Deterministic free-space source of single photons using Rydberg atoms

TL;DR

This paper presents a deterministic free-space single-photon source using Rydberg atoms, which does not depend on cavity coupling or Rydberg blockade, enabling efficient and well-defined photon emission.

Contribution

The authors introduce a novel free-space scheme for single-photon generation utilizing Rydberg atoms and adiabatic passage, avoiding the need for cavity coupling or Rydberg blockade.

Findings

Efficient generation of single photons in free space.

No reliance on cavity or Rydberg blockade.
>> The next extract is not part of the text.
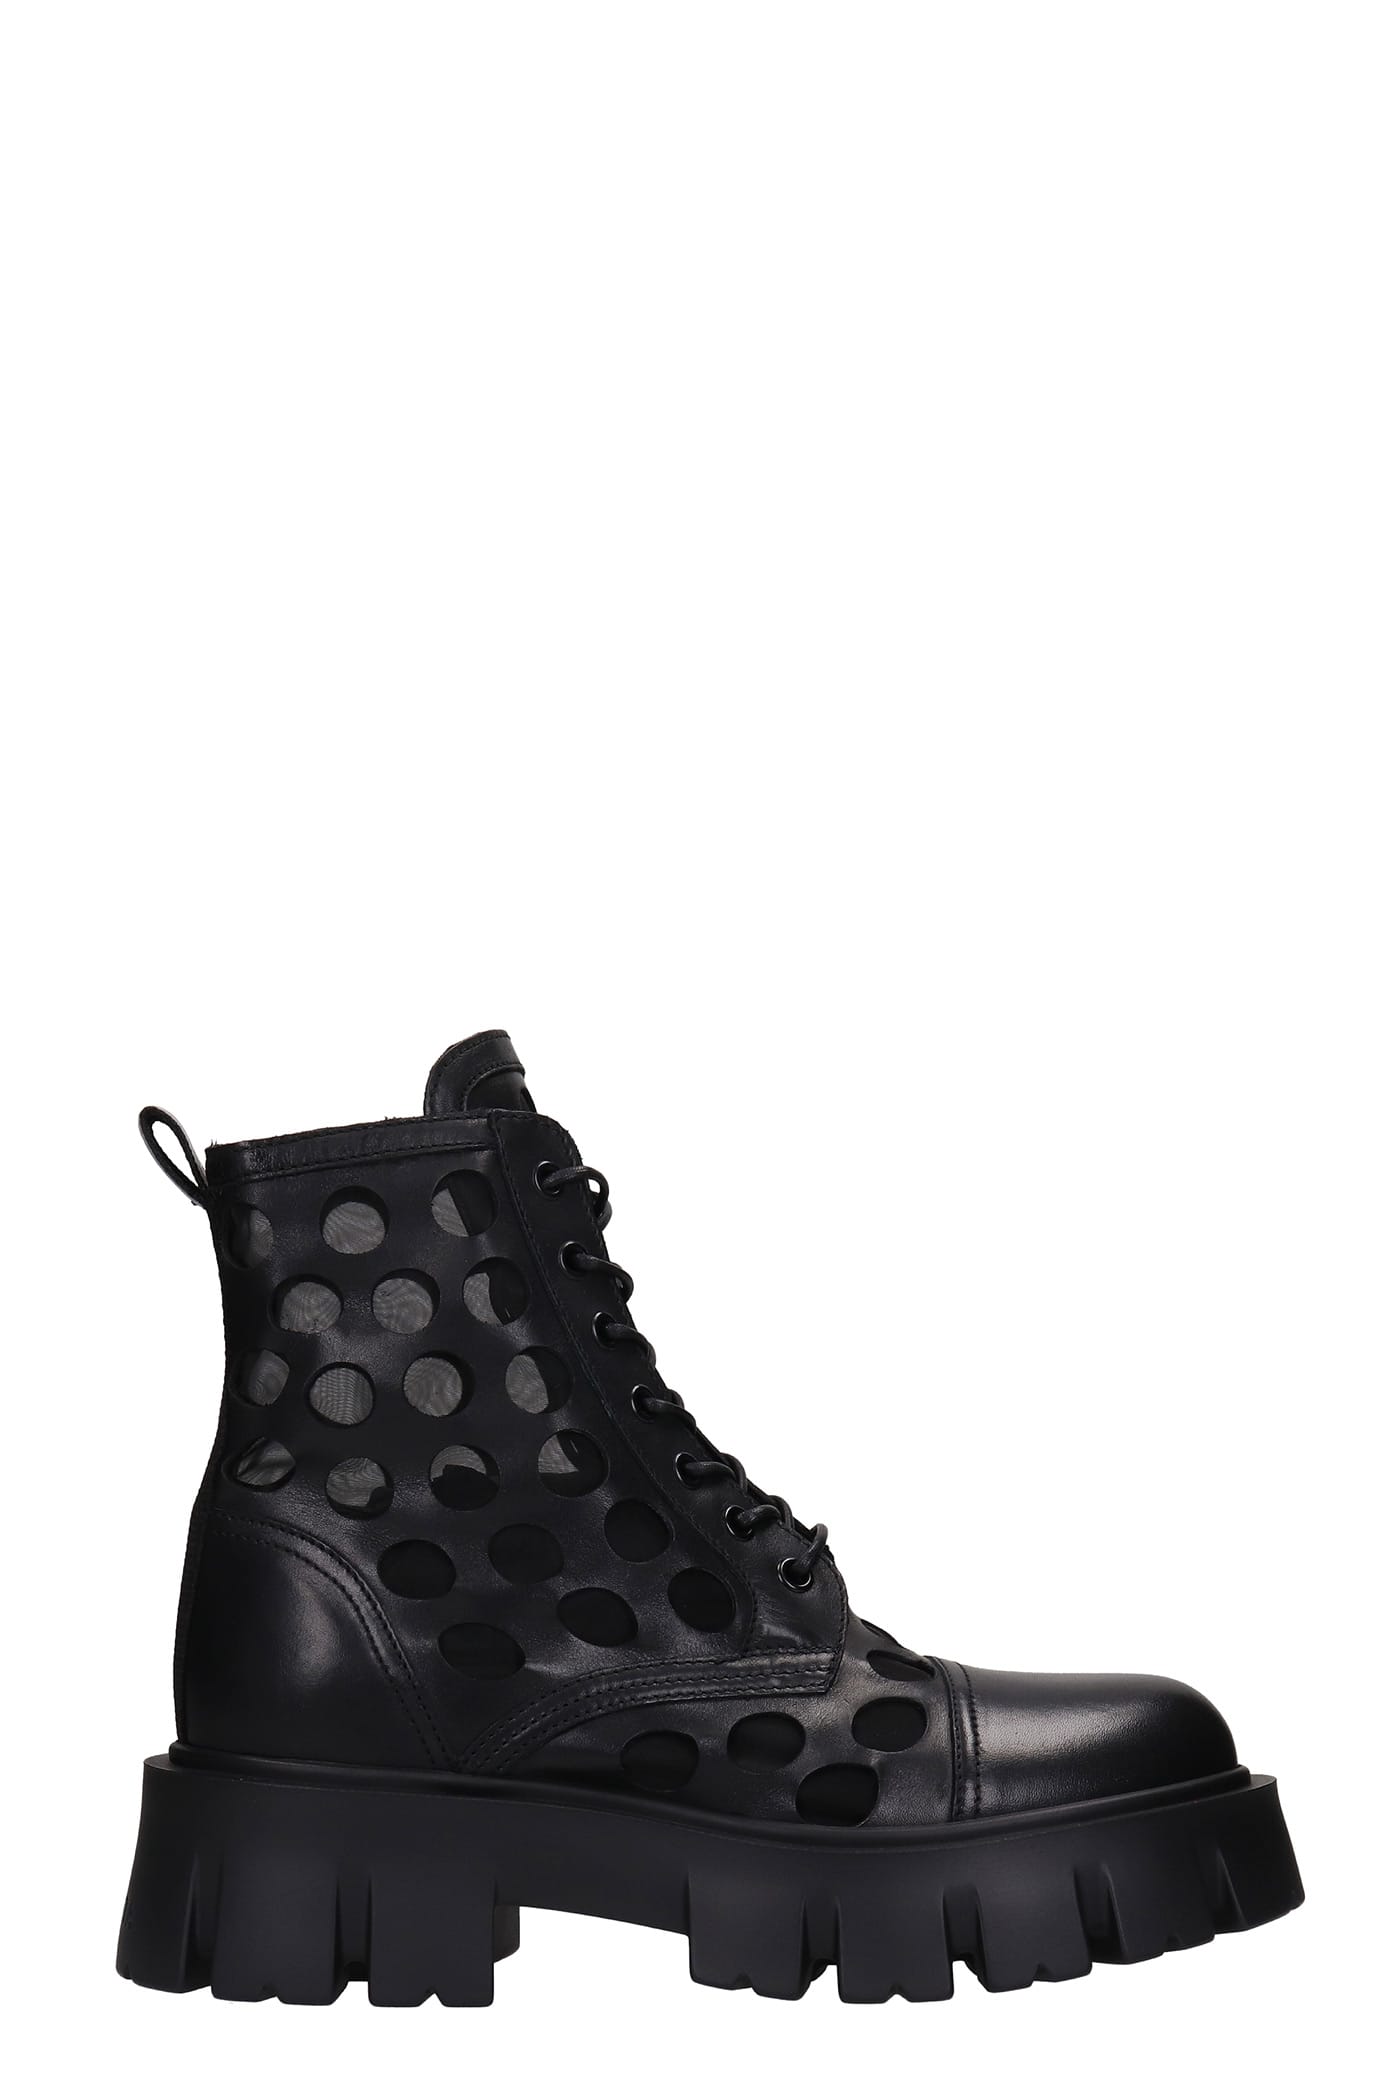 PREMIATA Boots for Women | ModeSens

Produces well-defined spatiotemporal photon modes.

Abstract

We propose an efficient free-space scheme to create single photons in a well-defined spatiotemporal mode. To that end, we first prepare a single source atom in an excited Rydberg state. The source atom interacts with a large ensemble of ground-state atoms via a laser-mediated dipole-dipole exchange interaction. Using an adiabatic passage with a chirped laser pulse, we produce a spatially extended spin wave of a single Rydberg excitation in the ensemble, accompanied by the transition of the source atom to another Rydberg state. The collective atomic excitation can then be converted to a propagating optical photon via a coherent coupling field. In contrast to previous approaches, our single-photon source does not rely on the strong coupling of a single emitter to a resonant cavity, nor does it require the heralding of collective excitation or complete Rydberg blockade of multiple excitations in the atomic ensemble.